How to read a privacy policy – general guidance

Reading a privacy policy is essential for understanding how an organization collects, uses and protects your personal information.

Review this general guidance on how to read a privacy policy to help you make informed decisions before using services or tools that collect personal information.

If you are reviewing a tool for collecting/processing personal information of others at the University, please submit a request for privacy impact assessment (PIA). The University is subject to the Freedom of Information and Protection of Privacy Act (FIPPA) and this guidance is not meant to assess compliance with privacy regulations.

Topics on this page:

  1. Start with the introduction
  2. Understand the scope
  3. What information is collected?
  4. How is information being collected?
  5. Purposes of collection
  6. Use and disclosure
  7. Consent and permission
  8. Third-party sharing
  9. Security measures
  10. Cookies and tracking technologies
  11. Legal jurisdiction and compliance
  12. Your rights and choices
  13. Policy updates
  14. Look for contact information

Start with the introduction

Look for an introduction or overview section that summarizes the purpose of the privacy policy and how it applies to you as a user. Sometimes people make mistakes. You could be presented with the wrong policy. Double check!

Understand the scope

Identify the scope of the privacy policy. Determine the specific services, websites or applications it covers. Some policies are global and apply to all vendor offerings, and some policies are specific to an individual service or tool. Some protections in policies are only relevant to citizens of certain geographical regions; an example of this is General Data Protection Regulation (GDPR) protections that apply only to EU citizens.

Take note:

  • Is your use of the service included in the privacy policy?
  • Is this policy written to cover all vendor products/services or is specific to one product?
  • Are you relying on privacy protections that are only applicable to certain geographical regions?

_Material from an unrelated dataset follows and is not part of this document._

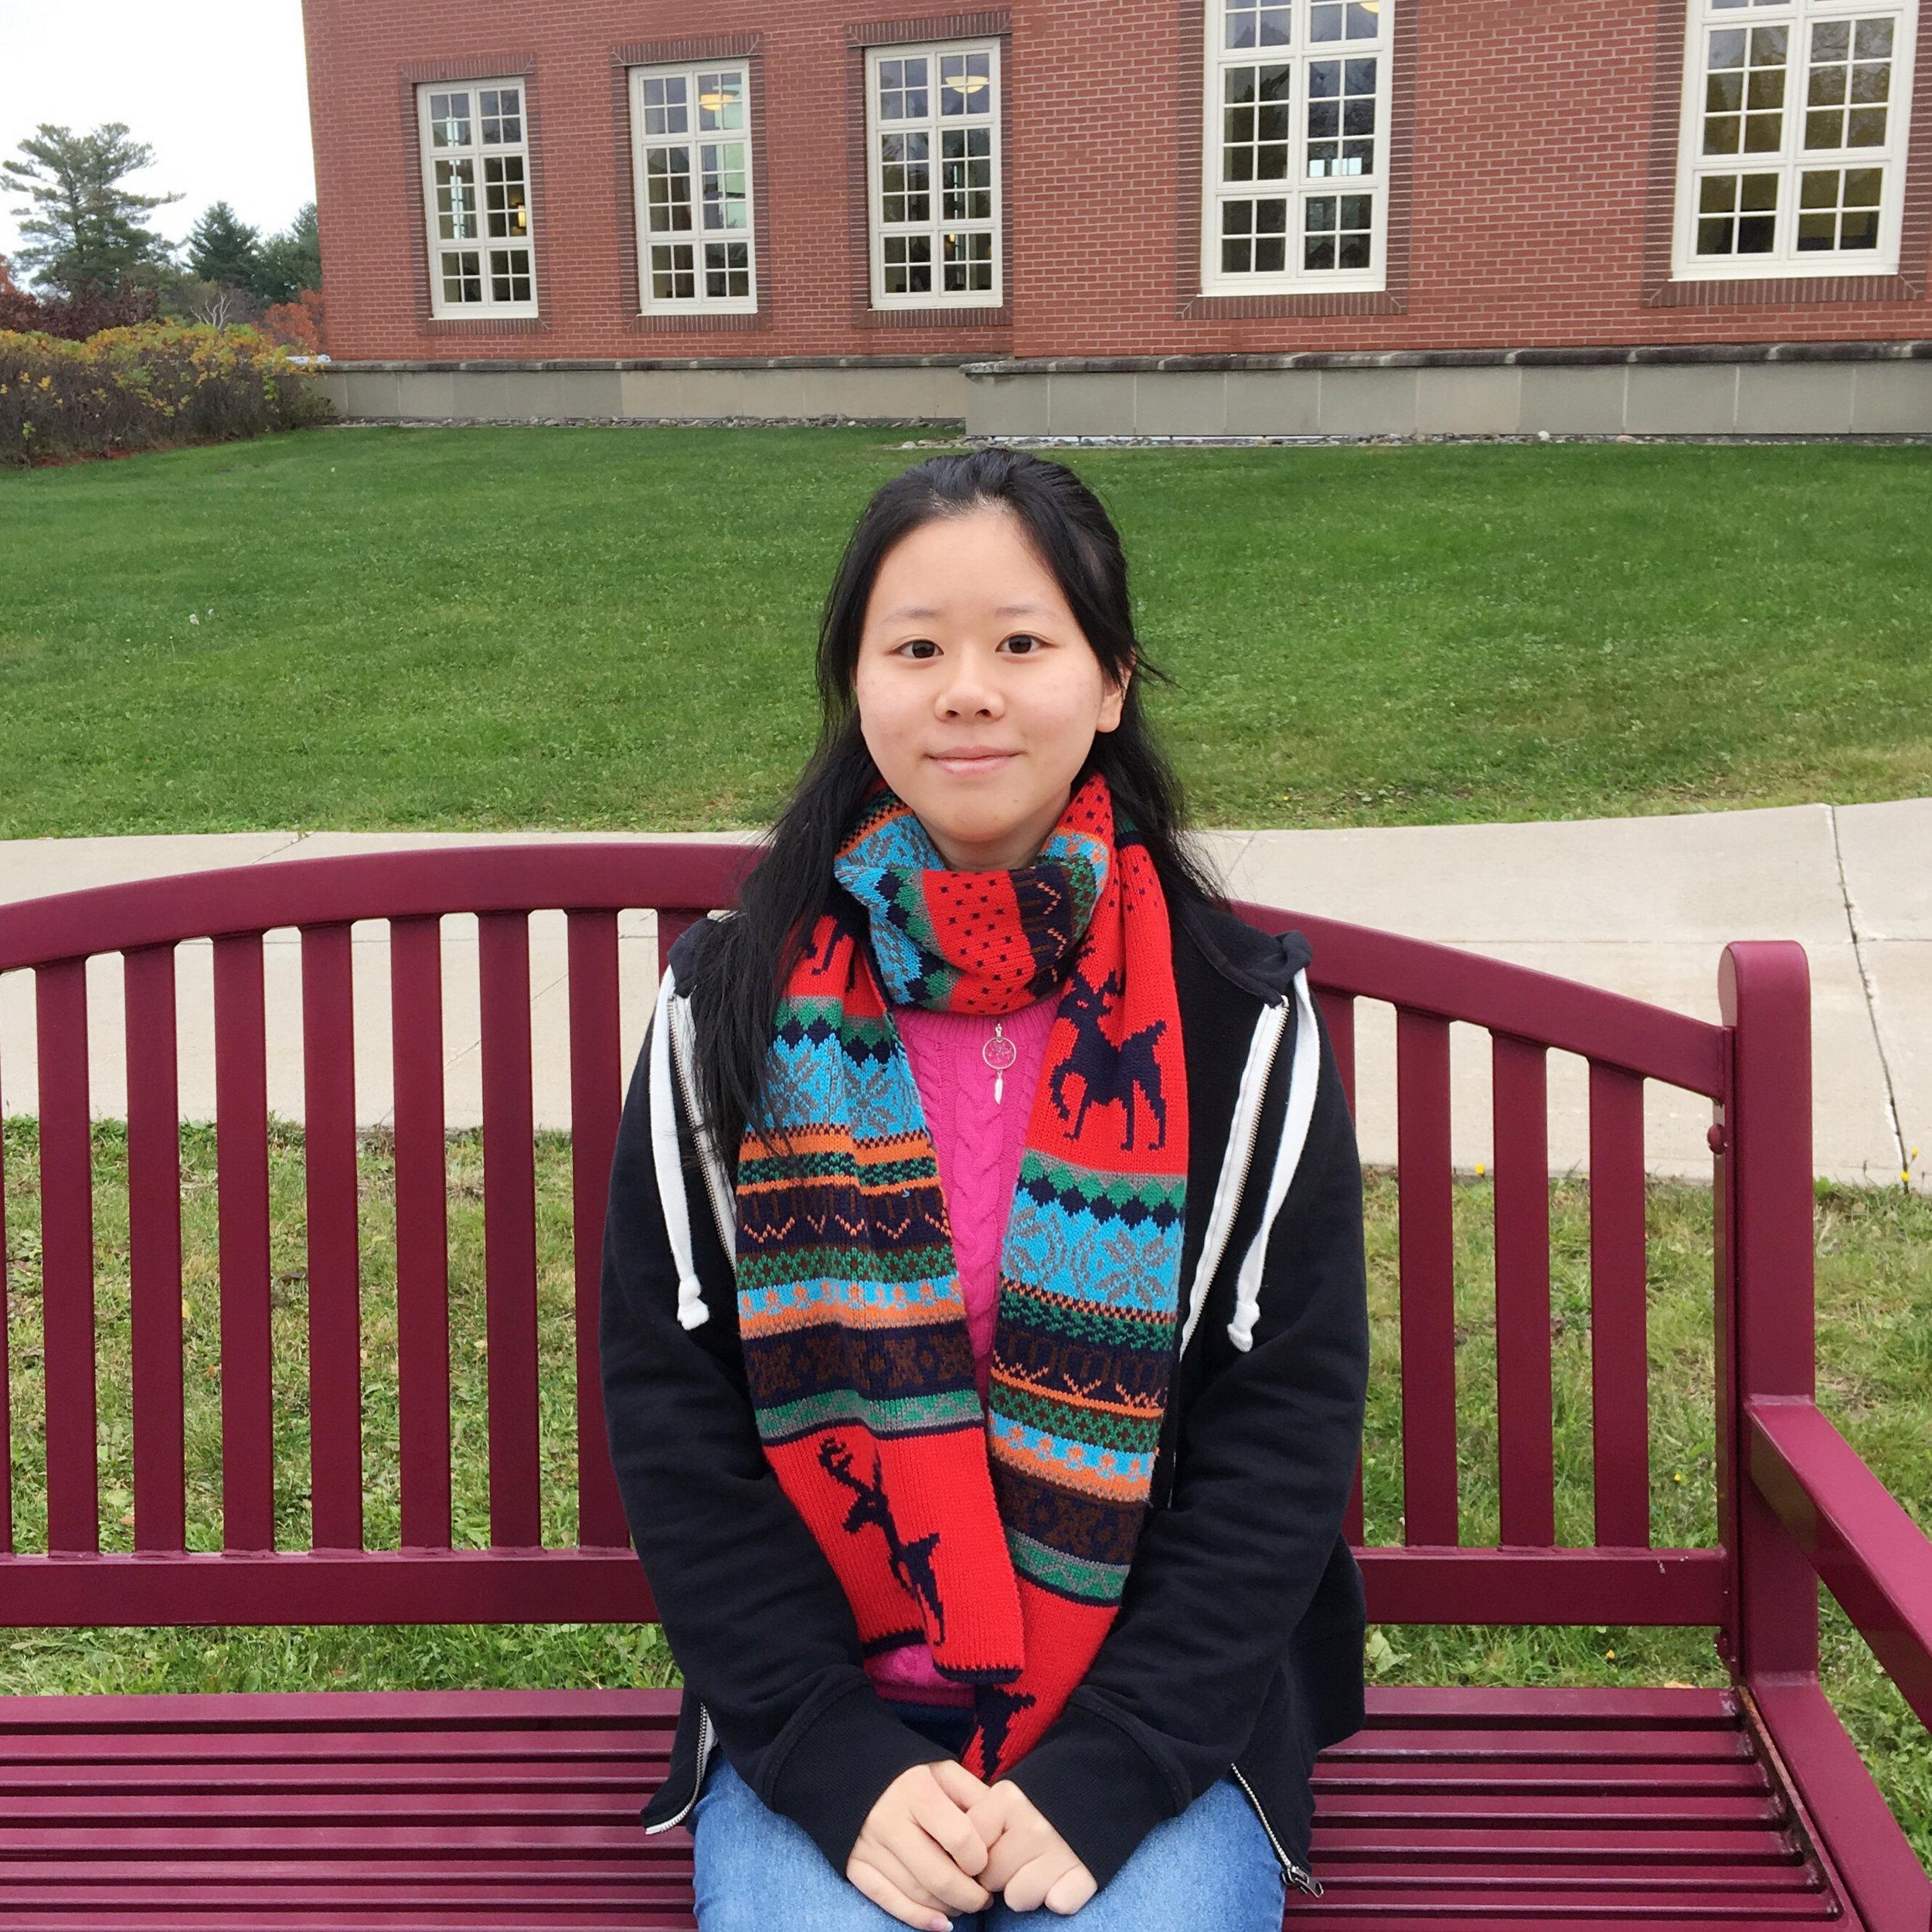 Asteria (Xue'er) Wang from Chengdu, China   St. Thomas University Class of 2020

What information is collected?

Check what types of personal information the organization collects. Remember, if the policy covers a vendor’s entire portfolio of products rather than a specific product, it may include information collection practices that do not necessarily apply to your use of a particular product.

Take note:

  • Does the policy contain a statement about not collecting more than is needed to provide the service?
  • Are there collections listed that you feel aren’t relevant to your use of a product?

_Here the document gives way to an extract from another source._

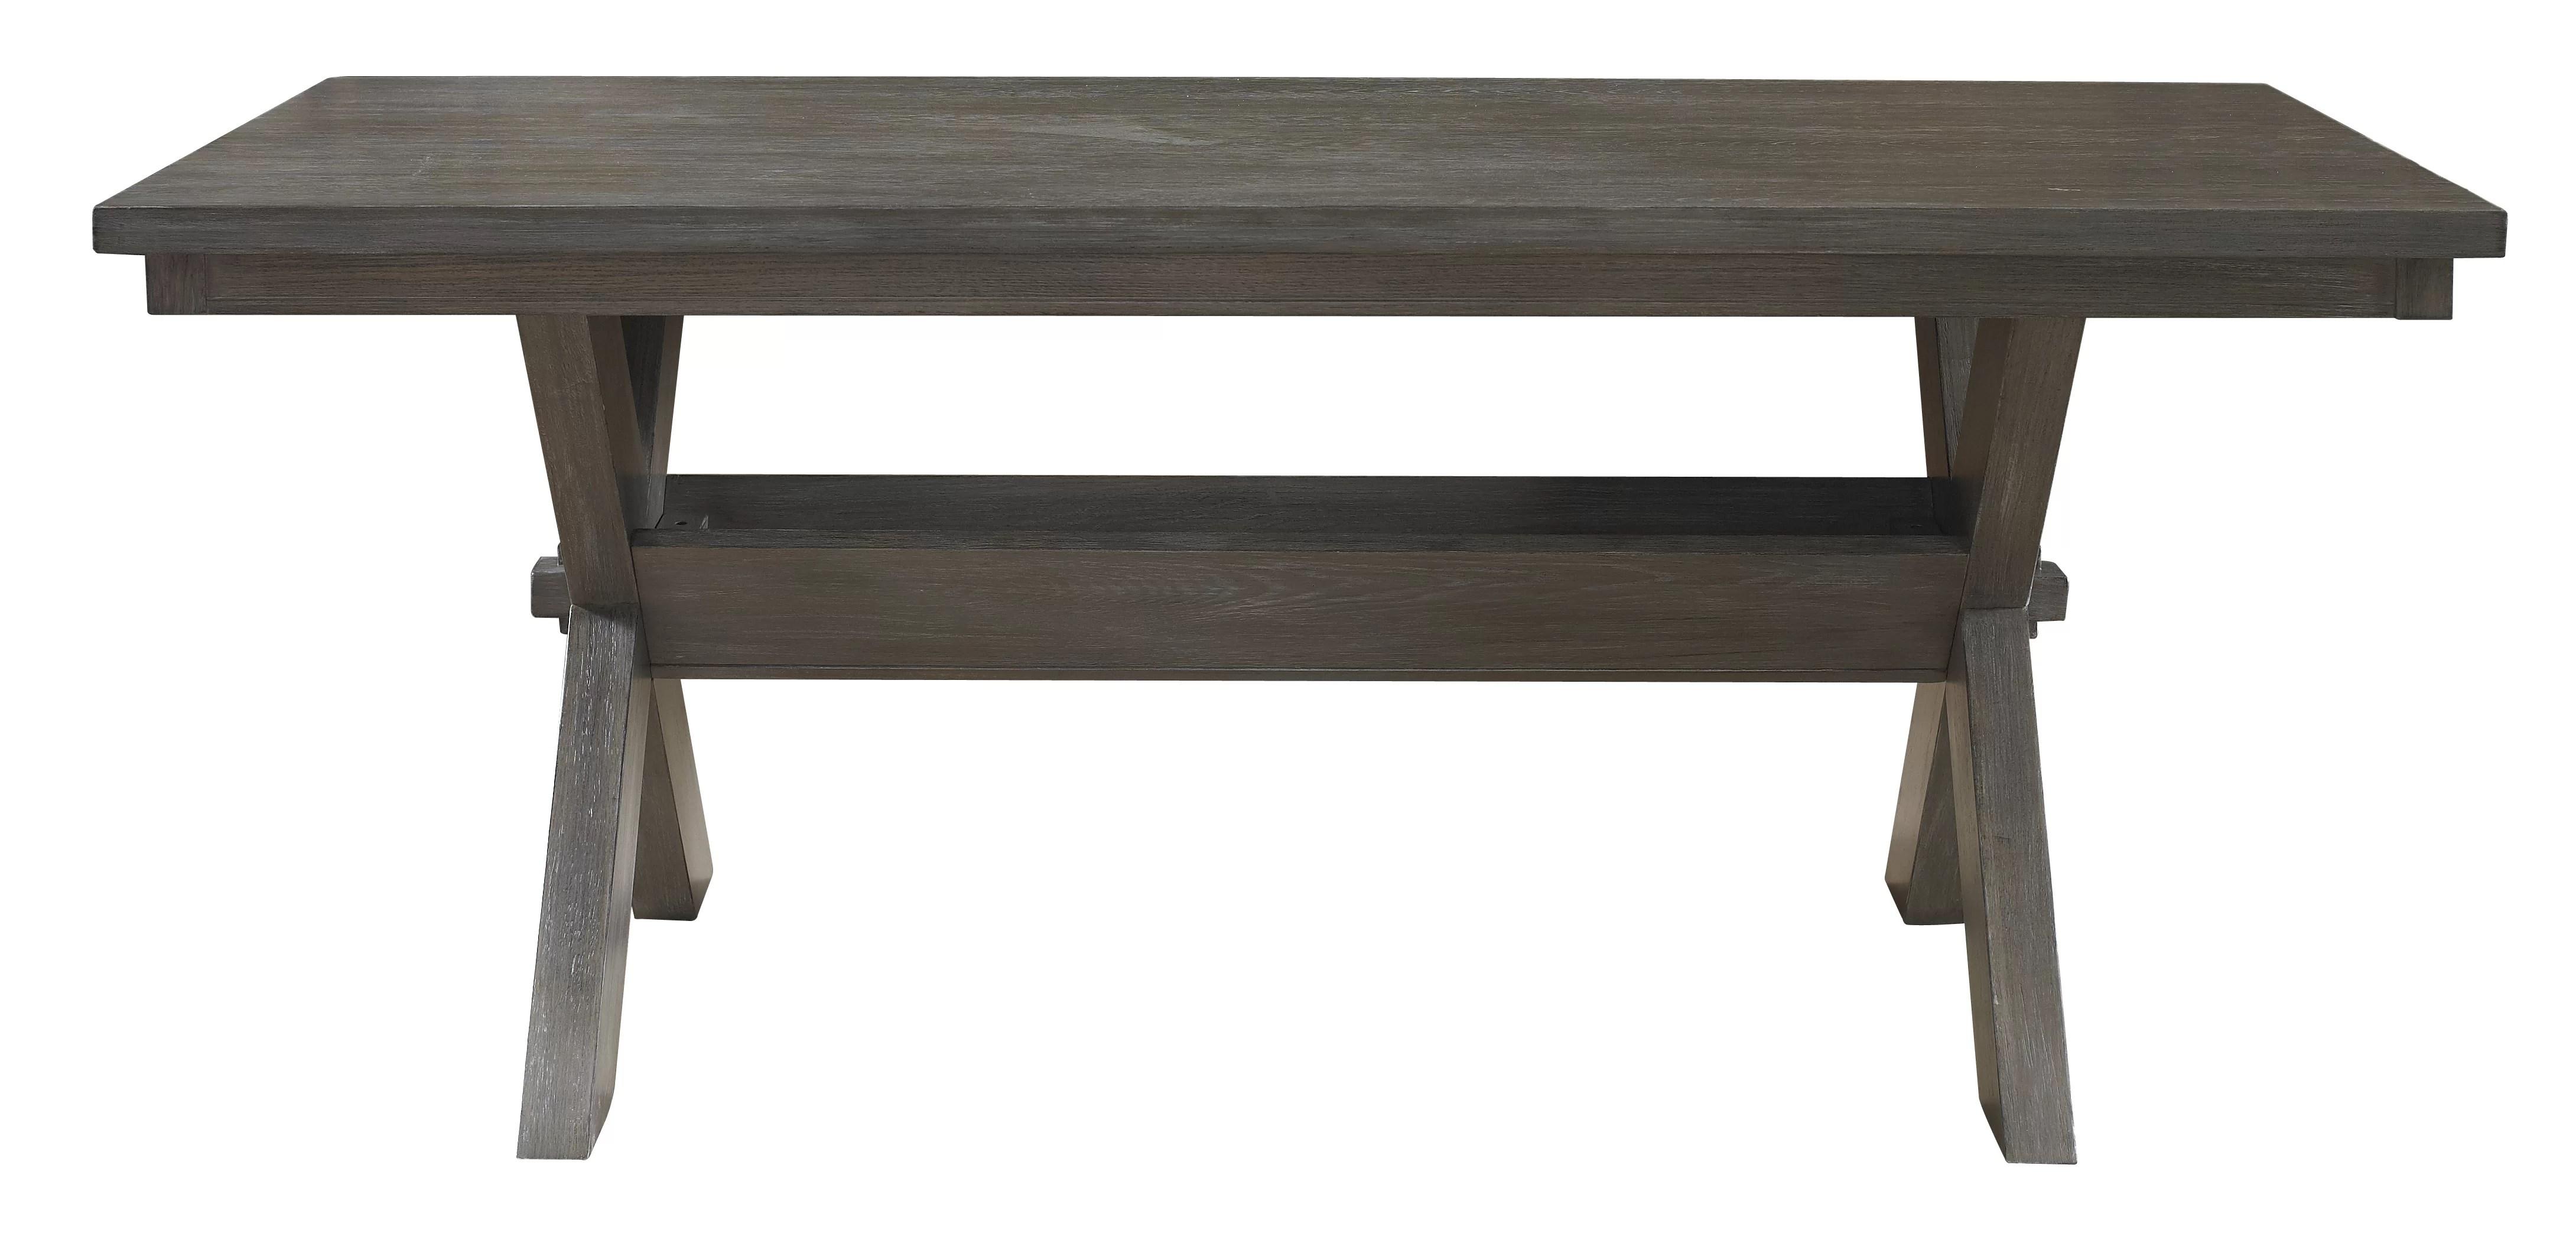 next quentin sofa bed review small single lark manor rectangular dining table reviews wayfair

How is information being collected?

Vendors may collect data about you in various ways. This may include data you provide directly and information collected indirectly or automatically through use (i.e., analytics) or data obtained from third parties. The distinction between direct and indirect collection of personal information lies in how the information is obtained.

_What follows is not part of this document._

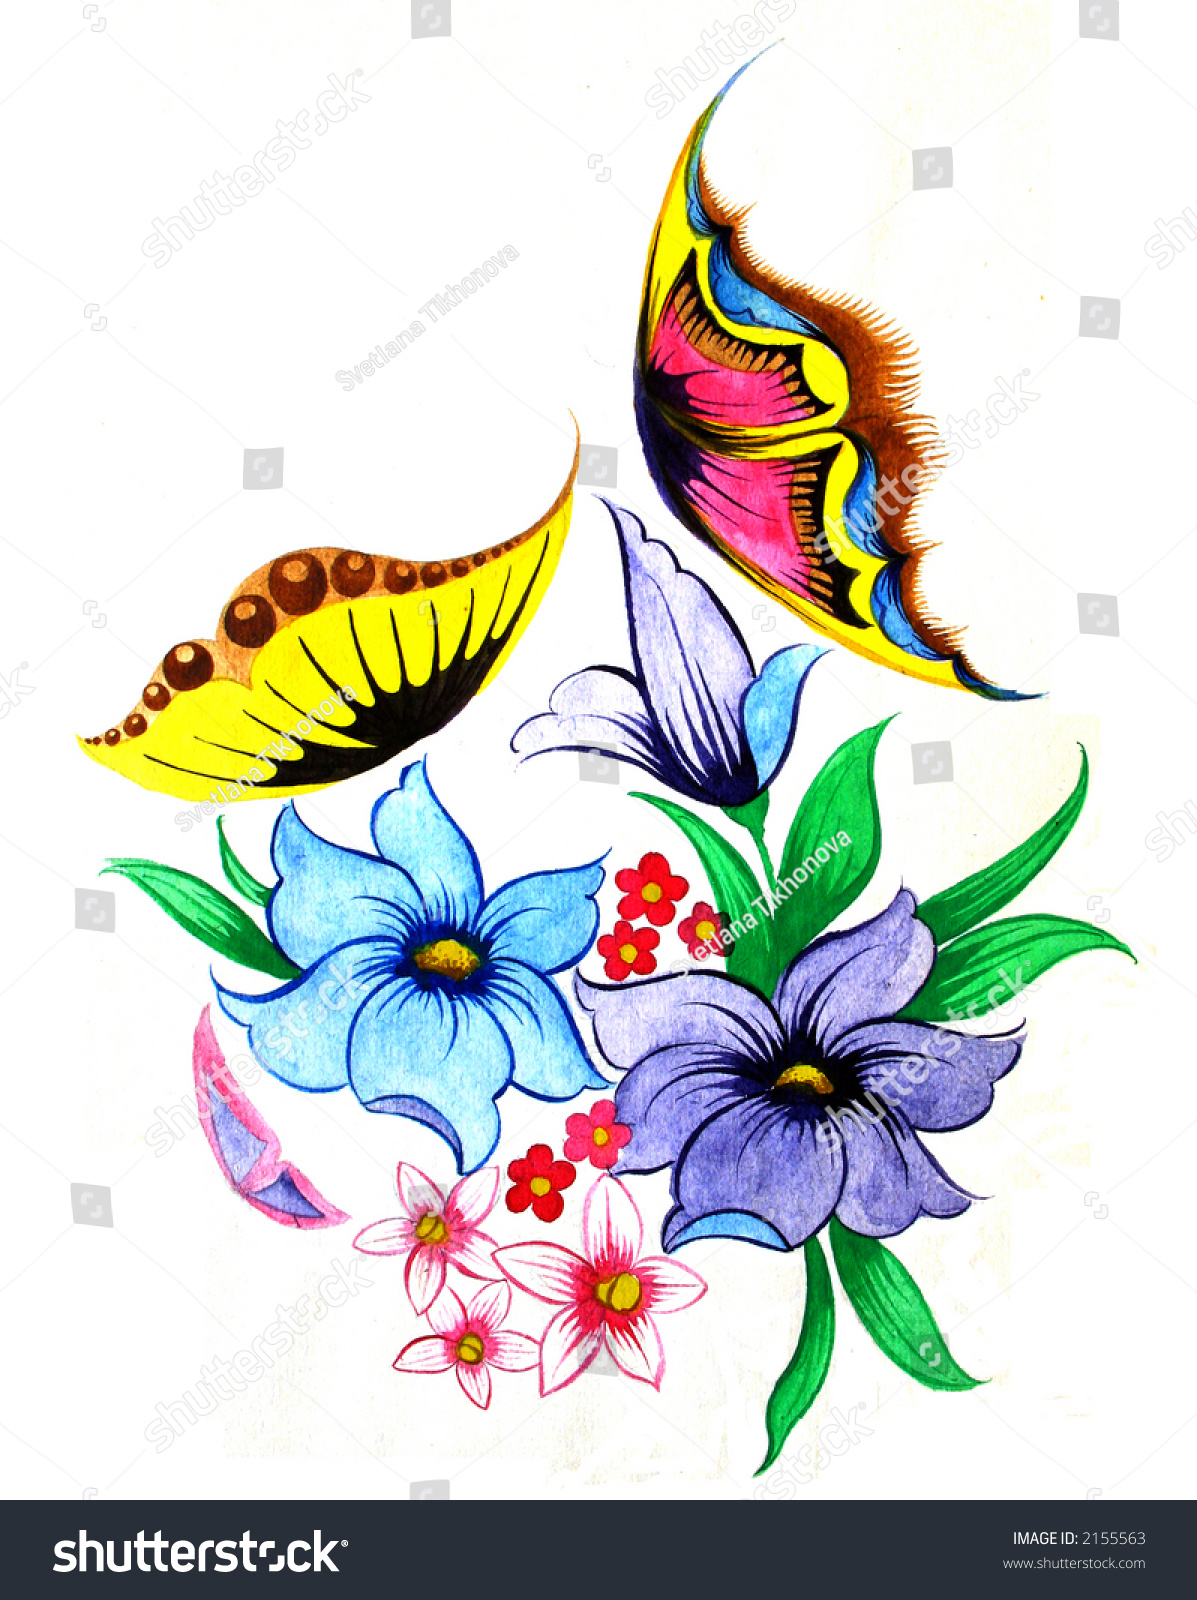 flowers butterflies scan original drawing stock photo 2155563

Direct collection: Information is gathered directly from the individual. The individual is usually aware of the collection since they are actively involved in the process and normally have consented to provide the information. Examples of direct collection include filling out a form online or in person, providing details over the phone or in a survey, or submitting personal information via email or an application.

Indirect collection: Information is gathered from other sources or through other means, without direct input from the individual. The individual may not be aware that their information is being collected or how it is being used. Examples of indirect collection include data mining from social media profiles or websites, collecting information through cookies and tracking technologies on websites, or obtaining data from third parties or public records.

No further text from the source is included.